The present study successfully classified and selected discriminative biomarkers and behavioral features in ASD children from 7 to 14 years old using a small dataset collected from a single research site. Machine learning (ML) tools have long been introduced to ASD research; but it still remains a far-reaching goal to build an ultimate prediction model and diagnostic system for ASD. With some progress, other studies often face the problem of using datasets across different research sites for classification purpose, rather than identifying discriminative features for diagnostic and treatment development purposes [21, 22, 36–43, 71, 72]. Additionally, traditional ML algorithms do not work well with ASD datasets due to high variances and the heterogeneous nature of the disease [44, 45]. Meanwhile, it requires a tremendous amount of effort to include ASD individuals in a research study given the social and language challenges of such a population.
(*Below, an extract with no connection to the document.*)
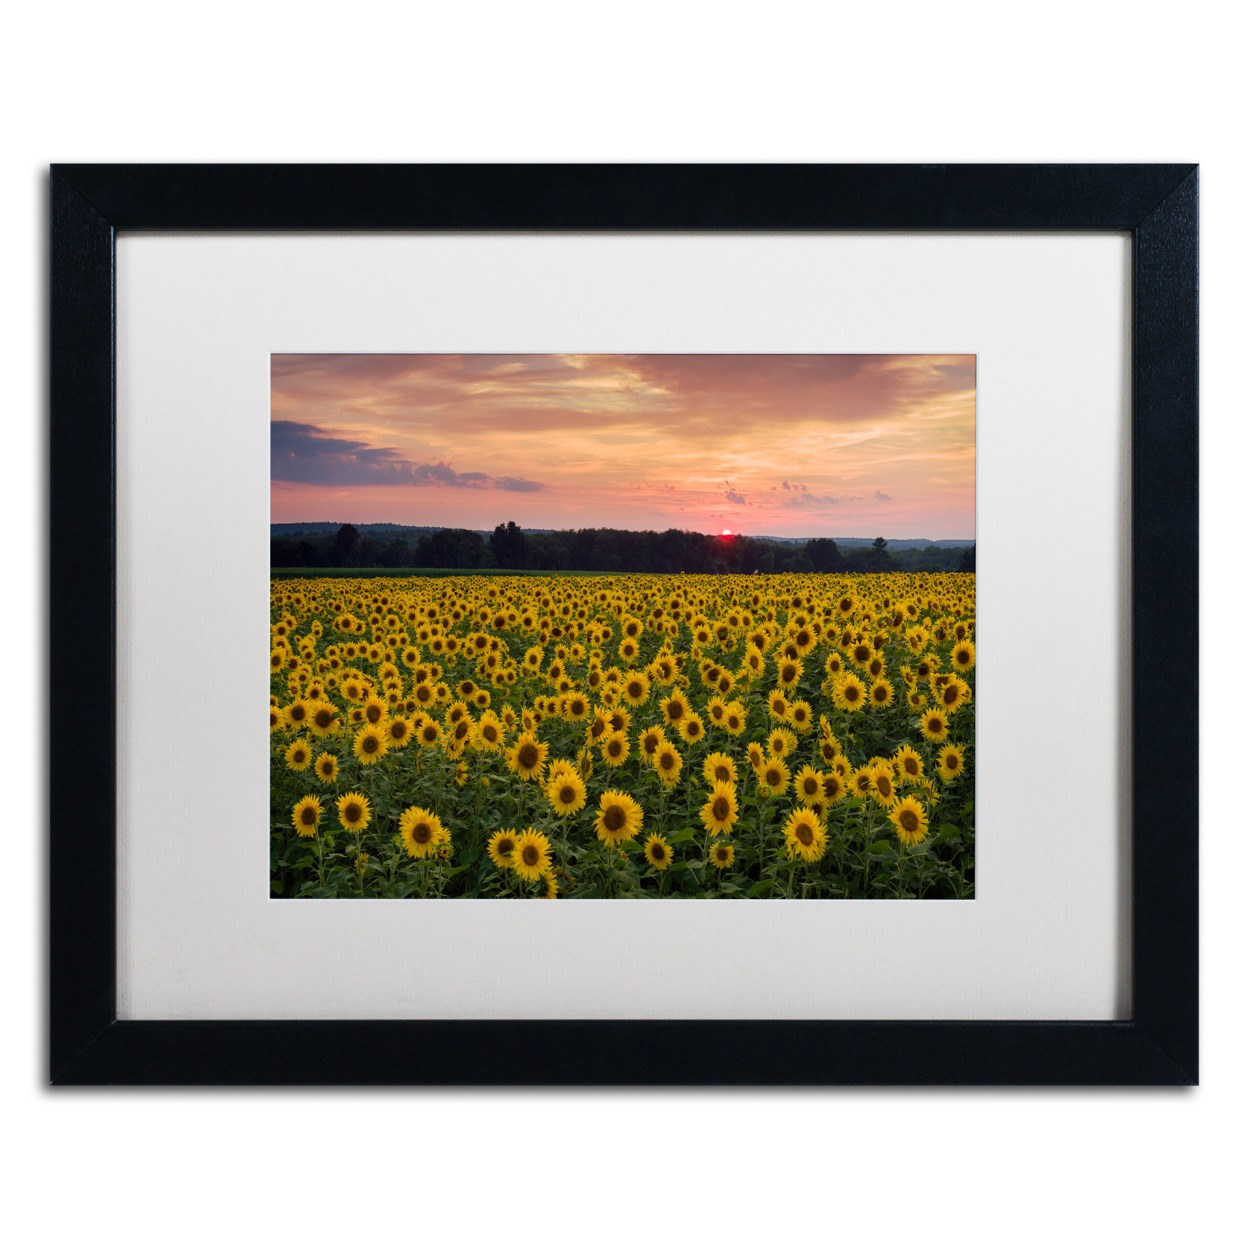 Michael Blanchette Photography 'Sunflower Taps' Black Wooden Framed Art 18 X 22 Inches

Thus, nearly all ASD datasets have a large number of features with small sample size, which despite being inappropriate for many ML algorithms, often leads to overfitting and poor classification accuracy. The present study, however, has demonstrated exceptionally good performance (i.e., 100% PPV and 100% class coverage) of the CCEA with a dataset containing a large number of features yet small sample size; and in this case, identifies features significantly associated with ASD.

The select CCEA features included volume, area, cortical thickness and mean curvature in specific regions in the cingulate cortex, frontal cortex and temporal-parietal junction areas as biomarkers for ASD (e.g., the pericalcarine cortex, posterior cingulate cortex, isthmus of the cingulate gyrus, pars orbitalis, etc.). Such findings are consistent with previous literature suggesting that individuals with ASD have abnormalities in these brain regions [24–33, 73–75]. Additionally, third-order models from the training set include measurements from the ToMI-2 and the ToMTB as significant features [55–57], which has further validated the use of these tools in ASD assessments. Such findings can potentially help clinicians and researchers address specific domains in ToM to improve the social skills of children with ASD. Besides the select 8 second-order and 6 third-order models from the training set, it is impressive that the CCEA is also able to validate 7 additional best performing third- and fourth-order models on the testing set. Although it would have been ideal if the 8 second-order and 6 third-order models identified on the training set had perfectly modeled the testing set, the fact that an additional 7 or the original models classify, with 100% PPV and 100% class coverage, on the testing set further demonstrates the robustness of the original models generated using the training set, as well as the exceptional performance of the CCEA algorithm in this study.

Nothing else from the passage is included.